Fundamentals of Chemistry with Lab (CHEM 105)
This is the class that truly made me understand the difference between a high school and college course. Professor Mala Radhakrishnan encouraged us to go beyond a basic understanding of chemistry, and to really think about why atoms act the way they do—often with the help of Mala's poetry and analogies! —Houda Khaled '16, Biological Chemistry; Philadephia, Pennsylvania

For more on Professor Radhakrishnan; hear her read "The Radioactive Dating Game" at bit.ly/chemistpoet.

 

See more of students' favorite courses from previous years.

Alumnae/staff's favorite courses

Behind the scenes. When Lauren Dennis, associate director of admission, requested that students' share a brief paragraph about their favorite course at Wellesley. To illustrate, she provided two examples of her favorite courses while she was a Wellesley student. 
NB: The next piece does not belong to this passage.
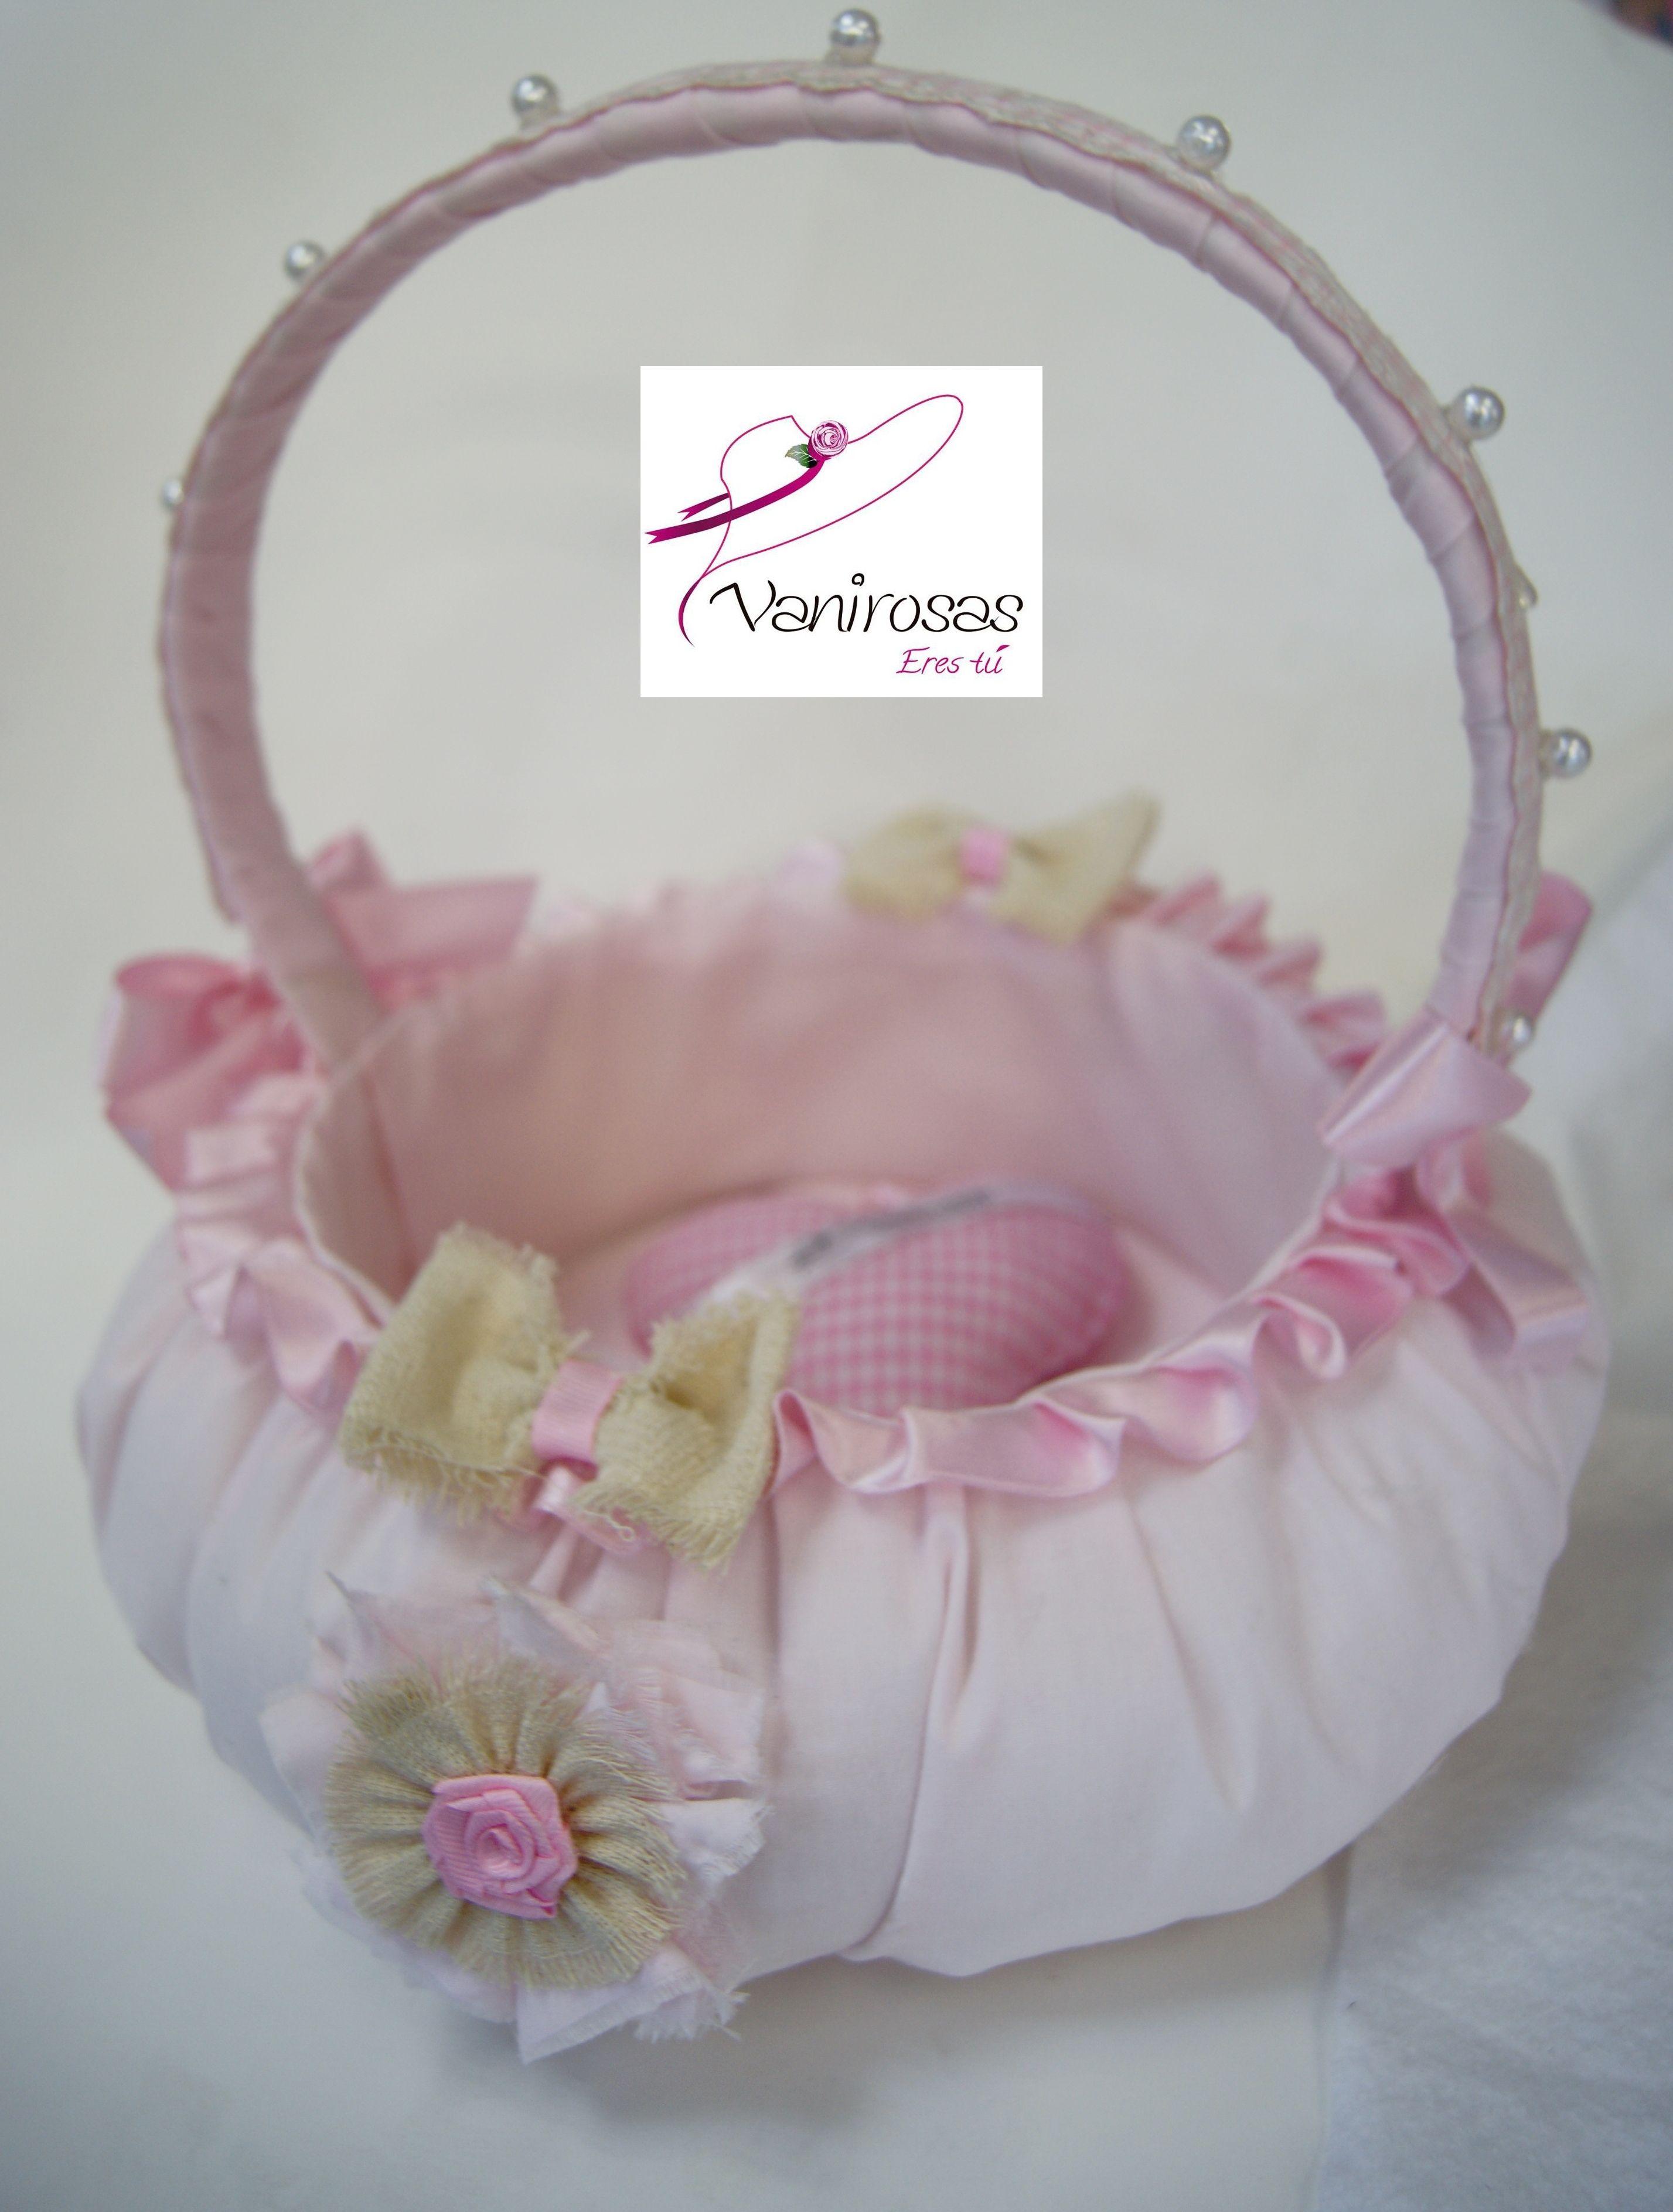 canasta de tela nanzu tono rosa palido o rosa bebe para los souvenir

Intro to Video Production, ARTS 165
I never thought of myself as "artistic" (hello, science nerd) but I loved this class! It changed the way I view everyday life and taught me that trying new things and taking a few risks can be fun and so beneficial. It was really interactive so getting to see all of the different ways my classmates interpreted an assignment (viewing everyone's videos each week and then critiquing them) definitely broadened my thoughts. Also, now my own travel videos and photos are pretty awesome. Lauren Dennis

Psychology of creativity, PSYCH 334
This was the first time I was expected to formulate and defend my own theories. No textbooks, no right answers, just a group of about 8 people around a big table talking about competing theories. It was kind of scary at first and I was so worried about saying something "wrong" but it taught me a lot about being a critical consumer of information, applying emerging research or knowledge to an existing field, making arguments, being flexible when hearing other evidence, and asking the kinds of questions I needed to make up my mind for myself. (Great skills to bring to lots of different fields, not just psychology!) Surprisingly, this was also the first time I appreciated that studying a topic never truly ends because fields constantly change and evolve - I'm never going to know everything about it and I can never say, "I'm done with this topic now." We're constantly learning, experimenting, revising what we know, which is something that has really helped me in my (non-psychology) career. Lauren Dennis

Acting Shakespeare and Shakespeare Part II: The Jacobean Period, THST & ENG, 315 & 244
For me, these two courses go hand-in-hand. Without the other, I wouldn't have been able to fall in love with the works of Shapekpeare as much as I did. The ability to truly understand the nuances in Shakespeare's text, and then bring it to life on stage were eye-opening. I credit Diego Arciniegas and Yu Jin Ko for giving me the ability to fall in love & understand Shakespeare at the root level.